1. Giriş ve Tanım

Pneumatosis İntestinalis (PI), bağırsak duvarında kistik veya mukoza altı düzeyde gaz birikimi ile karakterize nadir bir klinik durumdur. İki ana formu tanımlanır:

  • Primer (İdiyopatik) PI: Altında yatan bir neden bulunmayan, genellikle lenfatik veya mukoza spazmına bağlı gaz birikimi.
  • Sekonder PI: Akut veya kronik hastalık, cerrahi girişim, travma, infeksiyon veya ilaçlar gibi tanımlanabilir bir etyolojiye bağlı gelişir.

2. Epidemiyoloji

  • Yaş dağılımı geniş olup hem pediatrik hem de yetişkin hastalarda görülür.
  • Sekonder PI, özellikle kronik obstrüktif akciğer hastalığı (KOAH), nekrotizan enterokolit, immün yetmezlik hallerinde daha sık karşımıza çıkar.
  • Primer form ise daha nadir olup, genel PI olgularının yaklaşık %15–20’sini oluşturur.

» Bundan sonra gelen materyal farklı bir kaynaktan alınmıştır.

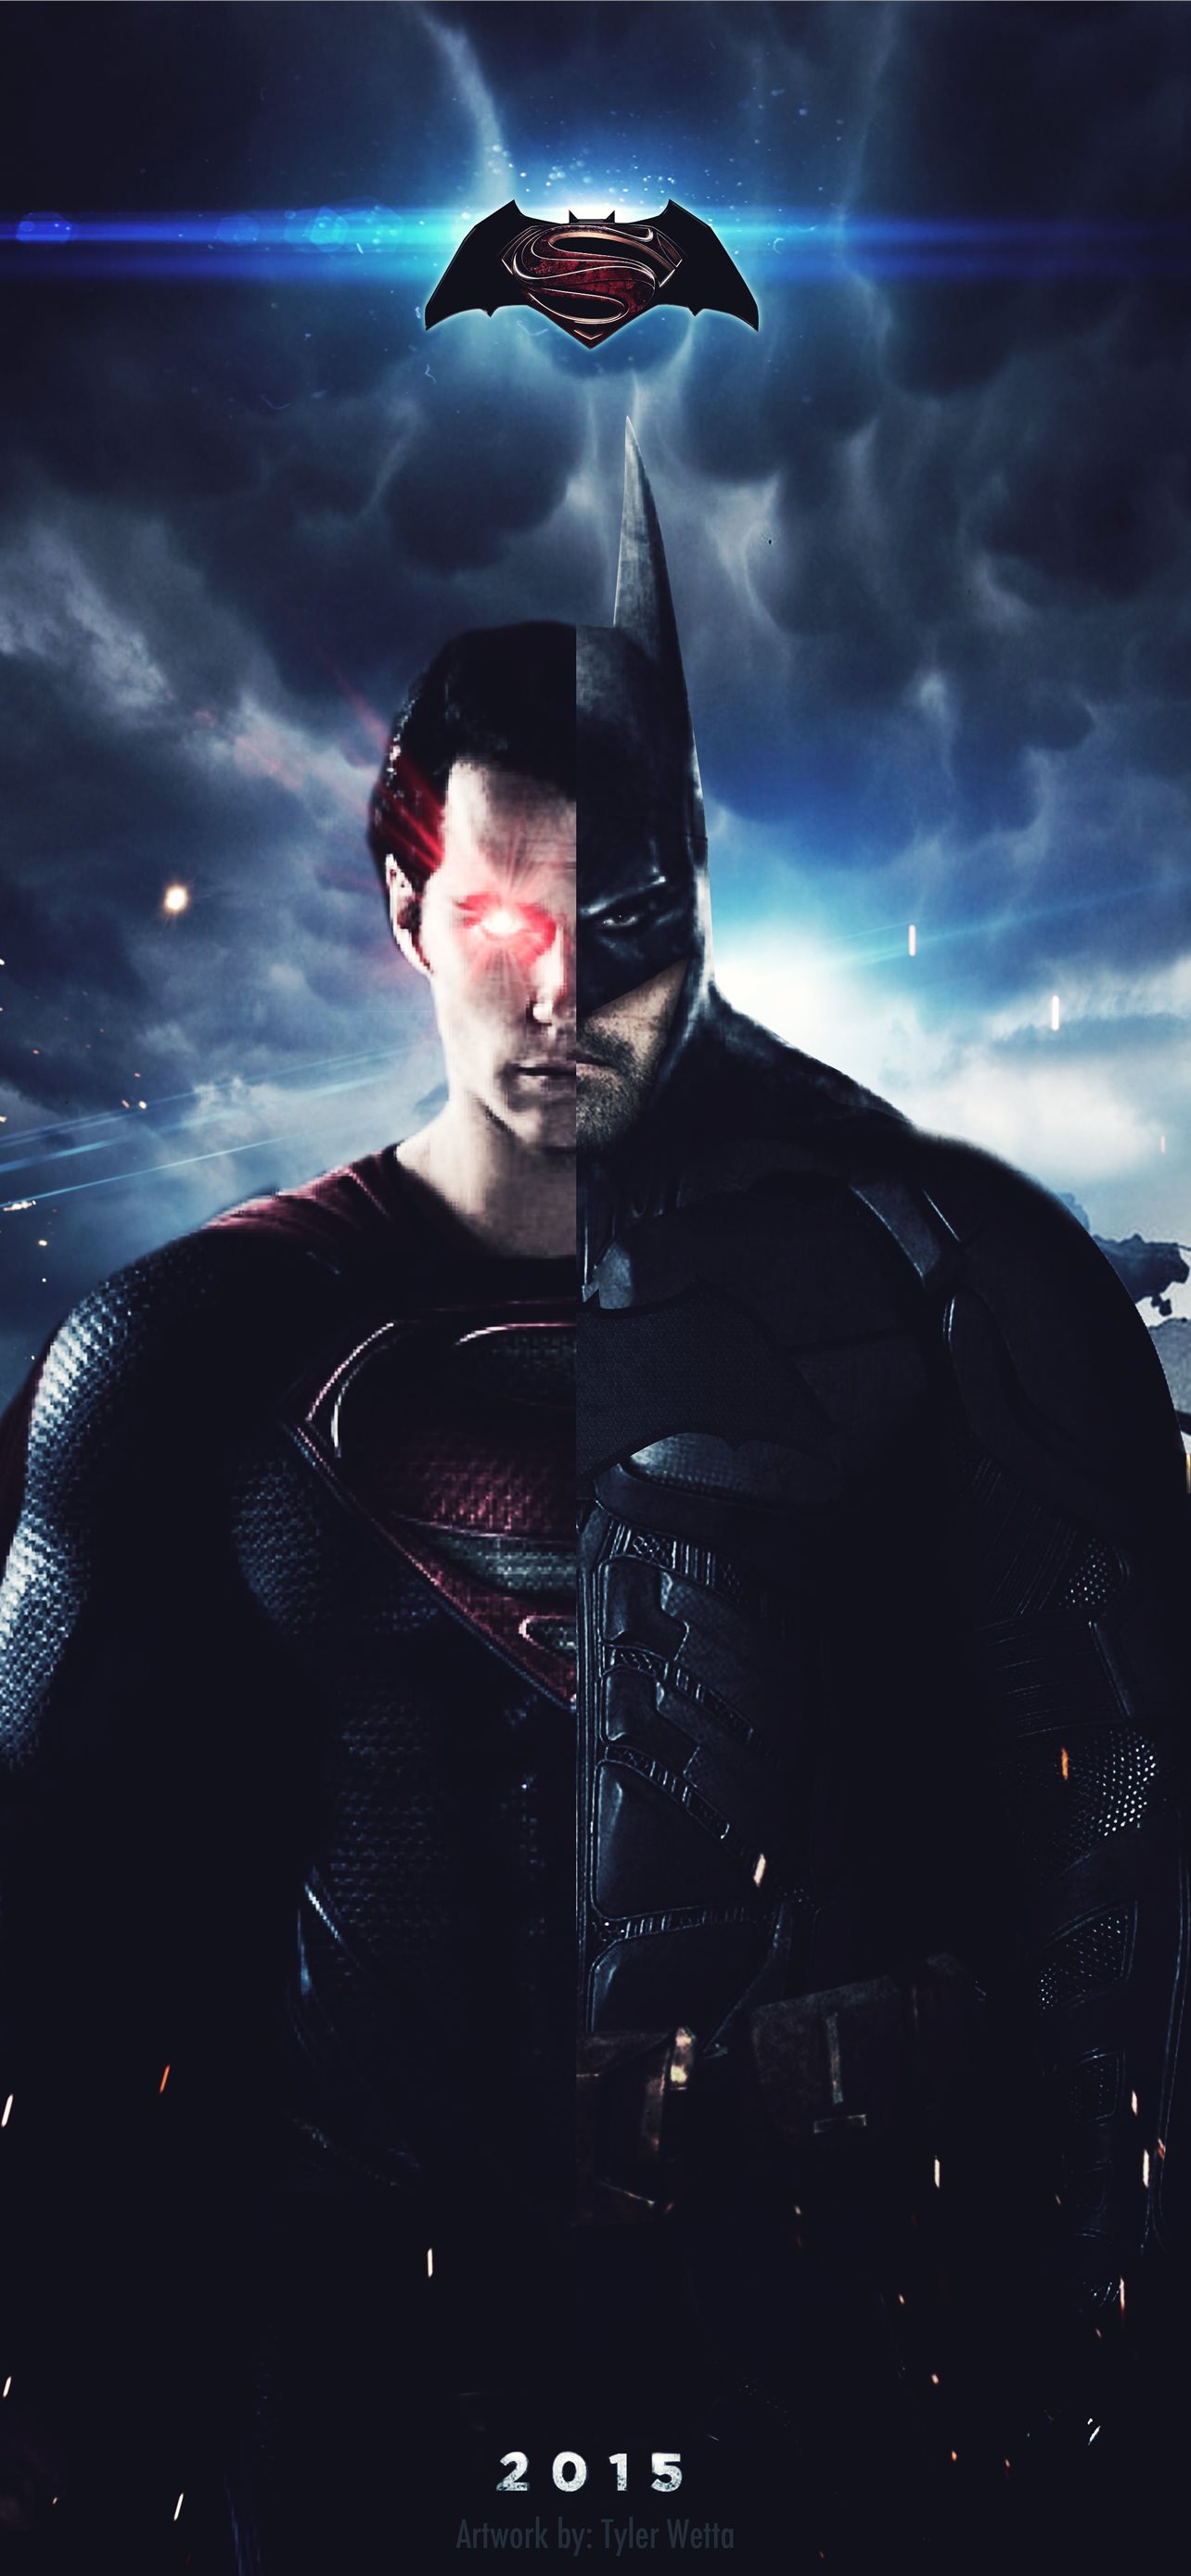 Batman VS Superman for iPhone 7 batman vs superman logo HD phone wallpaper   Pxfuel
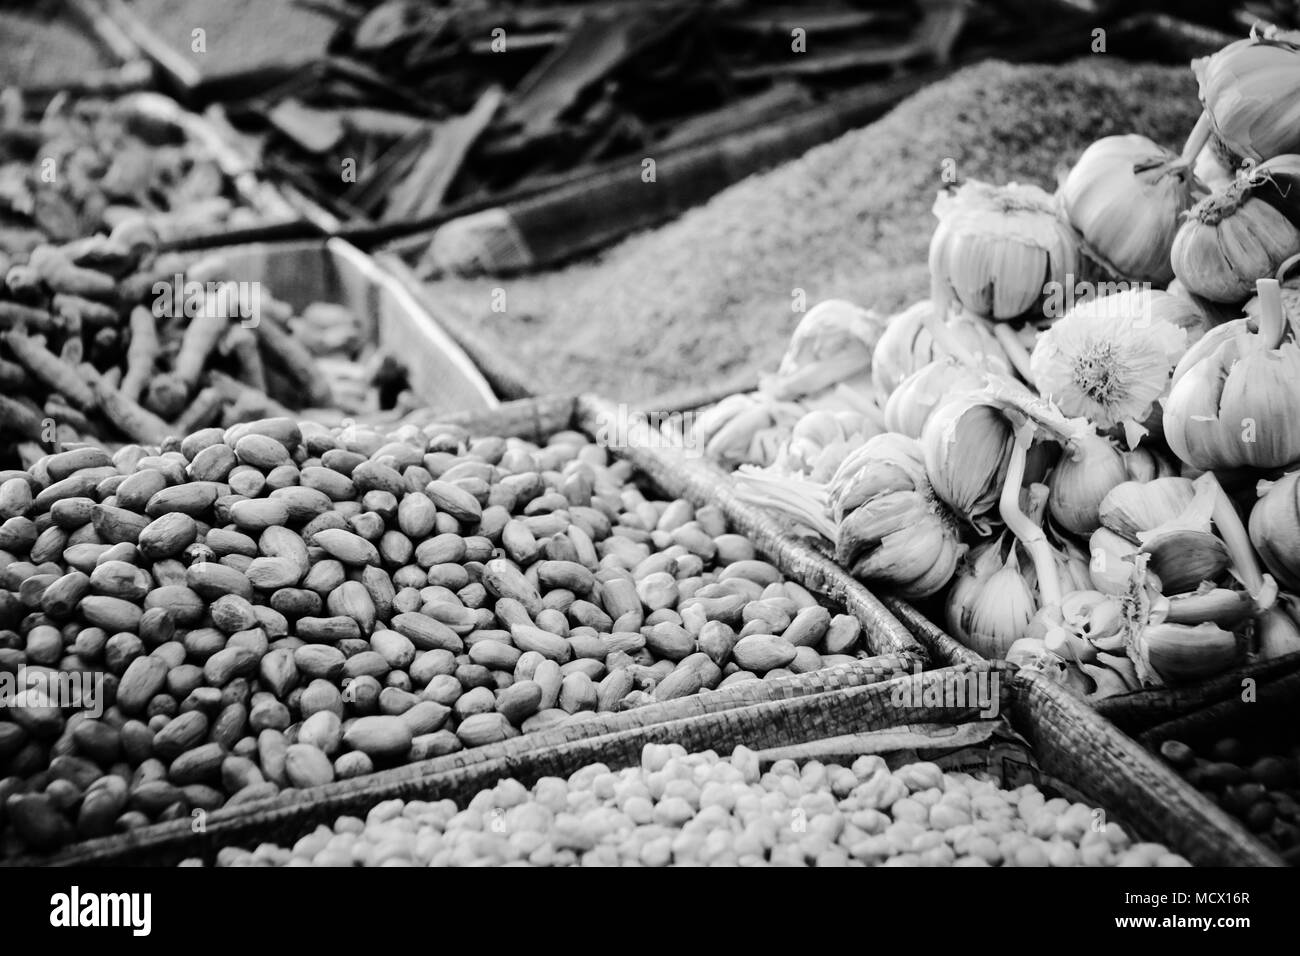 Immagine in bianco e nero di verdure, erbe e i dadi sul vecchio souk di Casablanca, Marocco Foto Stock

3. Patogenezi ve Olası Mekanizmalar

PI’nin kesin patogenezi tam olarak aydınlatılamamış olmakla birlikte başlıca dört teori öne sürülmektedir:

  1. Mekanik Teori:
    • Bağırsak lümen basıncında artış veya mukozal bütünlüğün bozulması sonucu gazın submukoza veya subserozaya geçişi.
    • Özellikle intestinal obstrüksiyon, volvulus veya şiddetli konstipasyon varlığında risk artar.
  2. Bakteriyel Teori:
    • Gaz üreten anaerobik bakterilerin (ör. Clostridium türleri) bağırsak duvarında kolonizasyonu ve gaz üretimi.
    • Mukoza bariyerindeki zedelenme bakteriyel invazyonu kolaylaştırır.
  3. Pulmoner (Alveoler) Teori:
    • KOAH gibi akciğer hastalıklarında alveoler rüptür sonucu mediastenden perivasküler fascial düzlem boyunca retroperitoneuma, oradan da bağırsak duvarına gaz geçişi.
  4. Biyokimyasal Teori:
    • Bağırsakta aşırı gaz üretimi (laktaz eksikliği, karbonhidrat malabsorpsiyonu) ve gaz difüzyonu sonucu duvar katmanlarında toplanma.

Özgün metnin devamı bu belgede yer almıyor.